‘Getting a life’ means defining your own

Published 4:36 am Monday, July 23, 2012

When a person dismisses another with that facile expression “get a life,” he supposes he knows the meaning of life and what life really is, but that the other does not. Such arrogance impresses me as the consequence of never having thought about what is an authentic and genuine life.

I find recognizing the distinction between these terms helpful, because a life must be both authentic and genuine to be distinctly human life rather than mere physical and social existence. Their senses are close, because they form two sides of a reality.

The terms share the sense of “being exactly what a thing is said to be.” This is real life; this really is life. However, each has a prevailing sense distinct to itself. This is to say, careful users of English tend to distinguish them by a sense distinctive to each. Using careful language, we are thus enabled to think carefully and constructively about life.

Email newsletter signup

The prevailing sense of authentic is “authoritative or trustworthy.” (We can hear the cognate noun authority in it.) When a police officer tells me I have violated a traffic law, his judgment is authentic because he quotes a law enacted by the state legislature.

The prevailing sense of genuine is “real or true, often with the implication of descent without admixture from an original … without adulteration …” The officer gives the law to me as it was written and without being confused with his personal opinion.

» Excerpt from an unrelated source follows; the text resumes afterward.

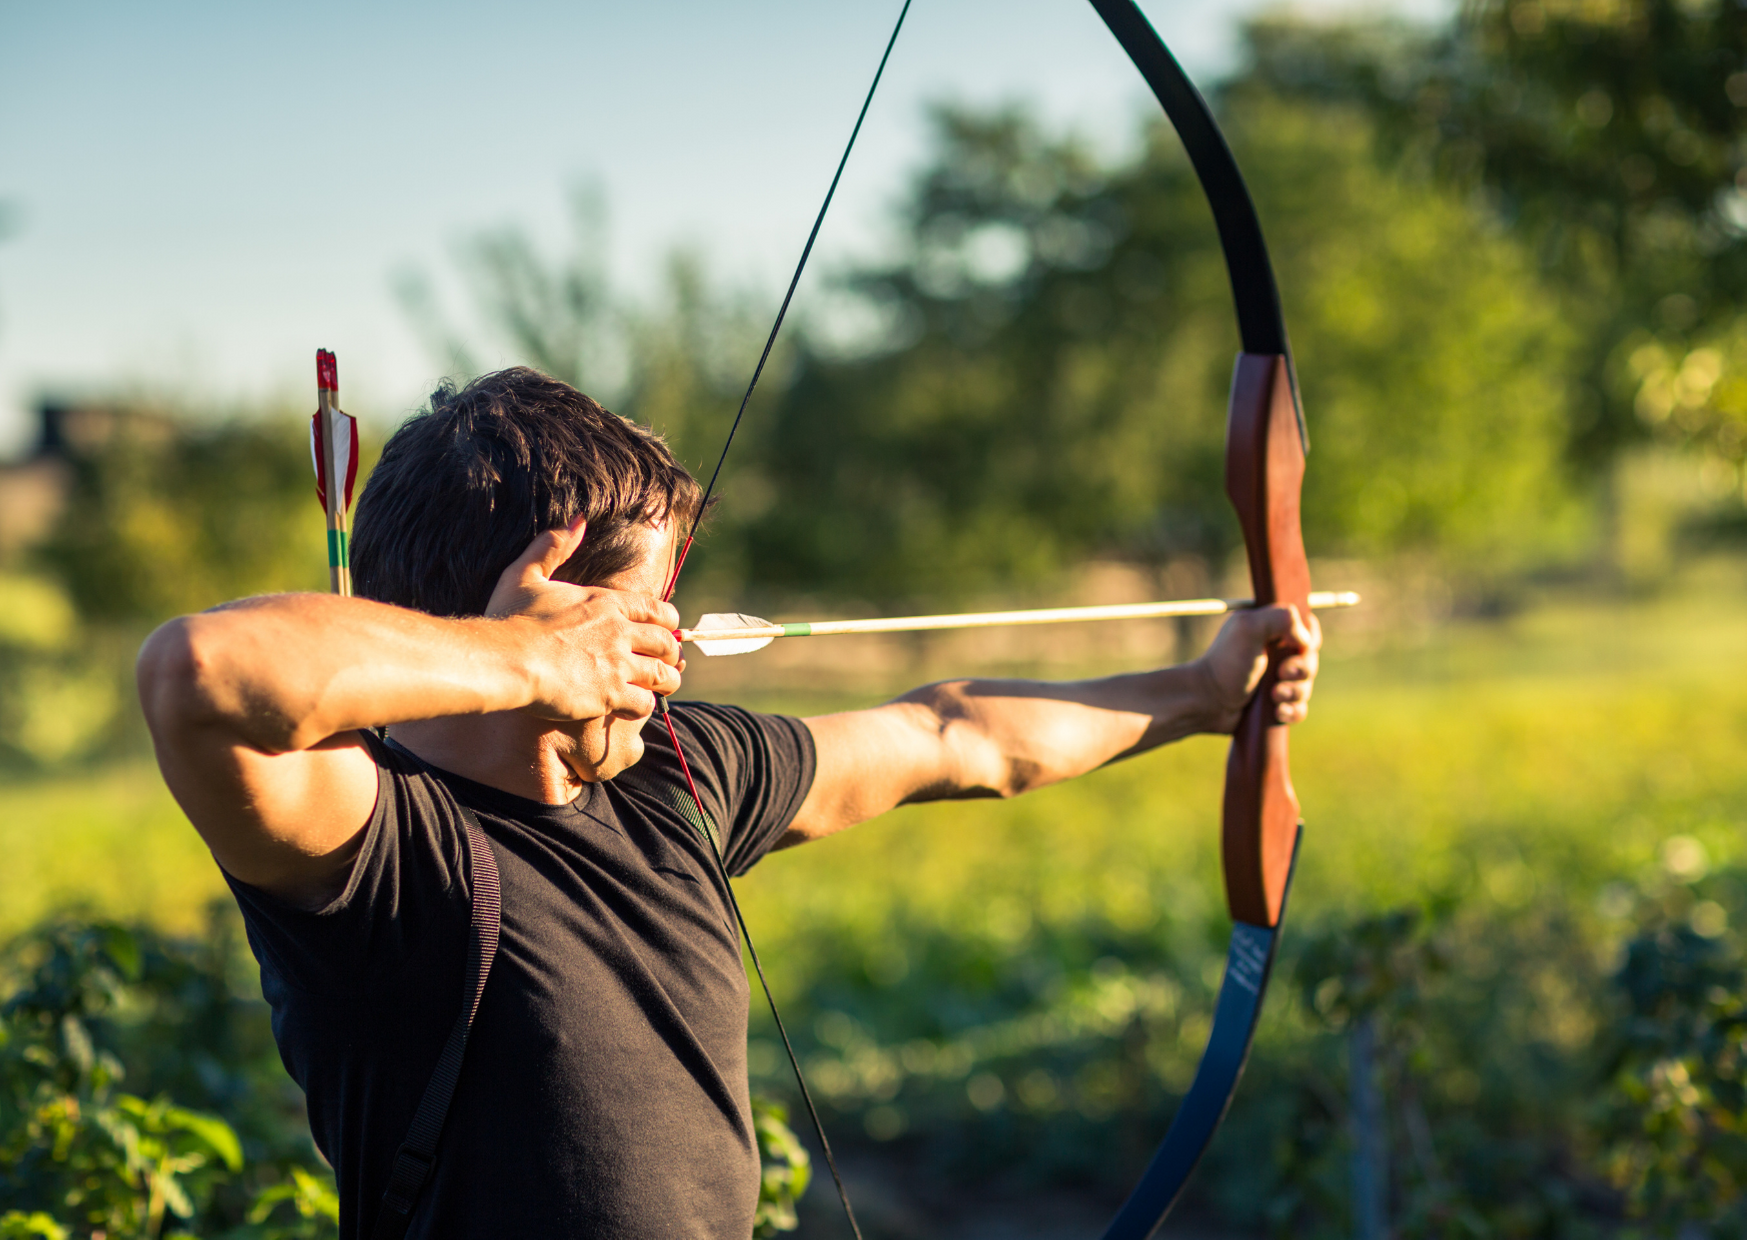 Playing archery

The famous painting of General George Washington crossing the Delaware River, for instance, could be said to be authentic if Gilbert Stuart had stood on the river bank and painted the scene as the crossing was in progress. It can be said to be genuine in that it can be proved to have been painted by Gilbert Stuart, to whom it is ascribed.

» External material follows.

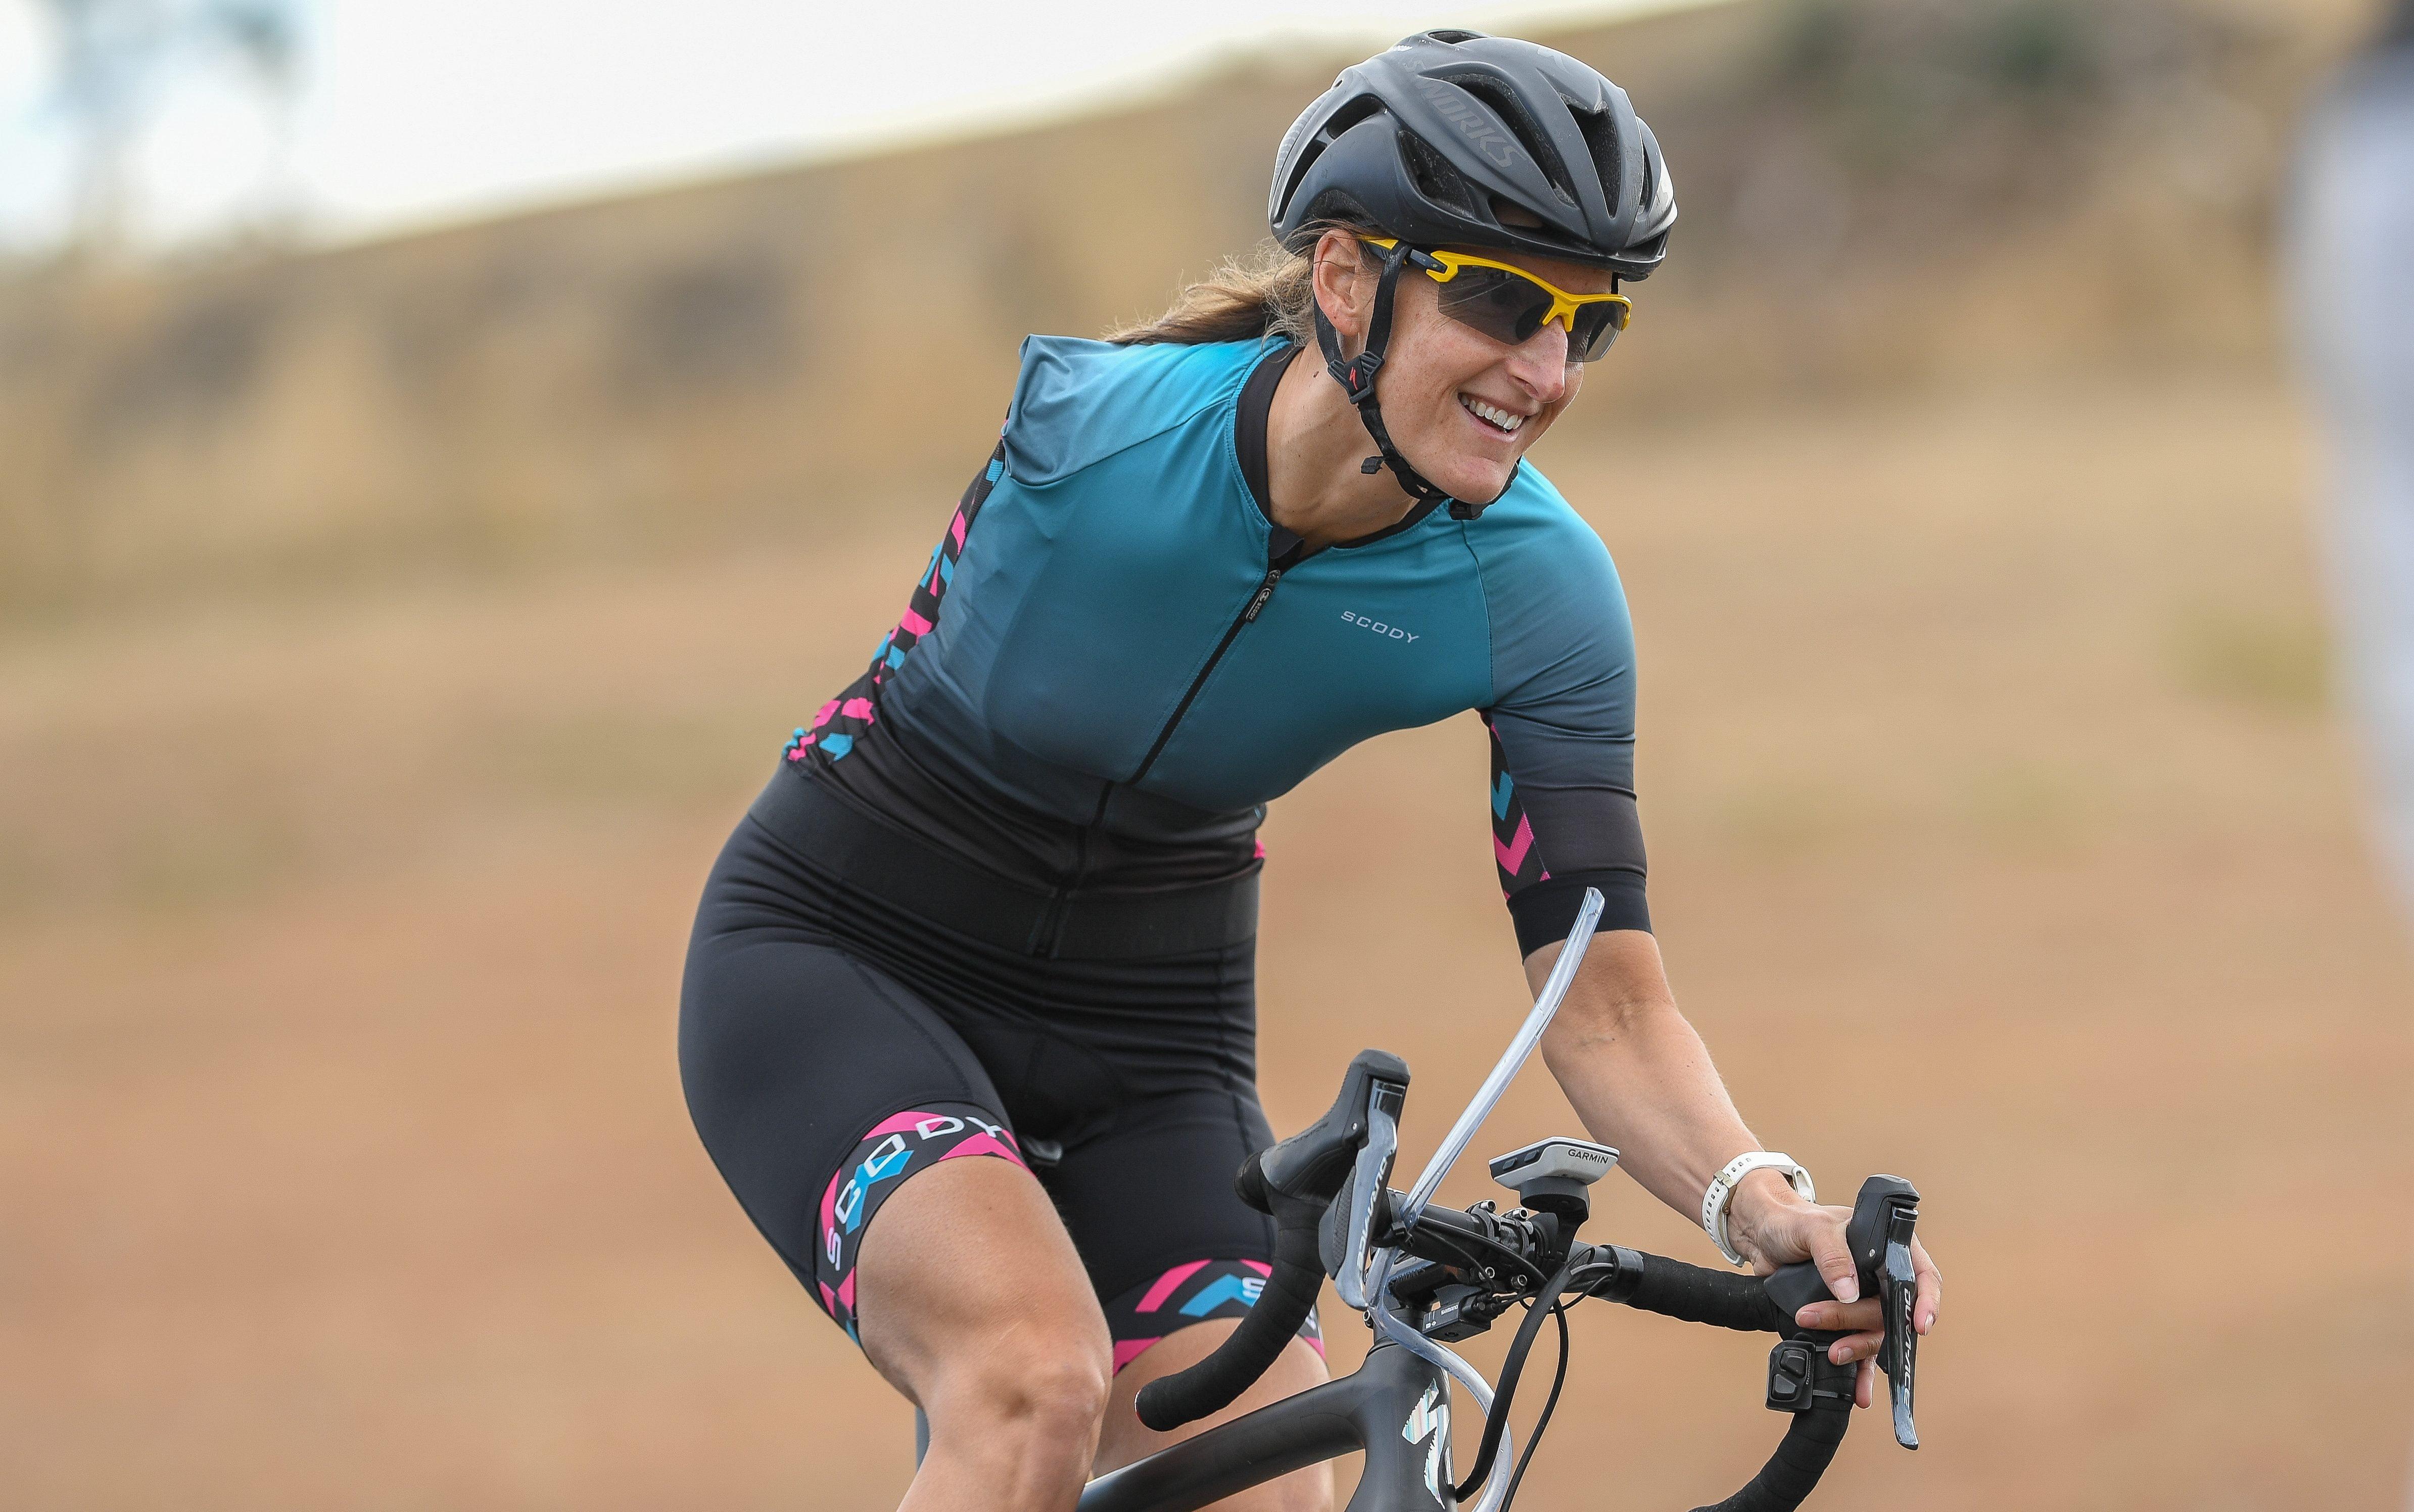 Aussie Para-triathletes eye up medal haul in Lausanne

Shakespeare put it: “And this above all: to thine own self be true.” But one must know himself in order to be true to himself. So, centuries earlier the ancient Greeks laid it down, “Know thyself.” This latter is attributed to any number of philosophers whose wisdom was recognized, because it is self-evidently wise. One of them, Socrates, asserted, “The unexamined life is not worth living.” The psalmist prayed to God, “What is man that you mindful of him?”

So, let’s do this. But where do we start? Not with the self, surely. When you find a strange object and wonder about it, the question is not so much, “What is this?”, but, “What is this supposed to be?” Its intended purpose determines what it is. In asking ourselves if we have real lives, we cannot successfully start with ourselves. Colloquially, this is called “belly-button gazing.” The philosophic term is “solipsism” (knowing the self by the self and, so, only the self, which is in the end knowing nothing at all).

Unless you actually believe you are whatever it is you happen to be with no particular purpose or worth in yourself or value to anyone else, something objective to yourself must have stipulated what you should be and what is your purpose in life and in living. I am satisfied I have this conceptual understanding for me, and I am eager you find it for you and take ownership of it. This is not to suggest what you decide, even for you, does not make any difference or that you have a choice. It is to encourage you to make this recognition so you can own it as yours.

The bird that thinks it is a fish or the fish that thinks it is a cow loses not only identity and integrity but authentic, genuine life. So do you if you think wrongly. You must find an authoritative and reliable source or force objective to you and learn the meaning and purpose of your life as an individual. The particular is learned from the universal.

Without joining the sarcastic, I do encourage you to get a life —your life and then live this life.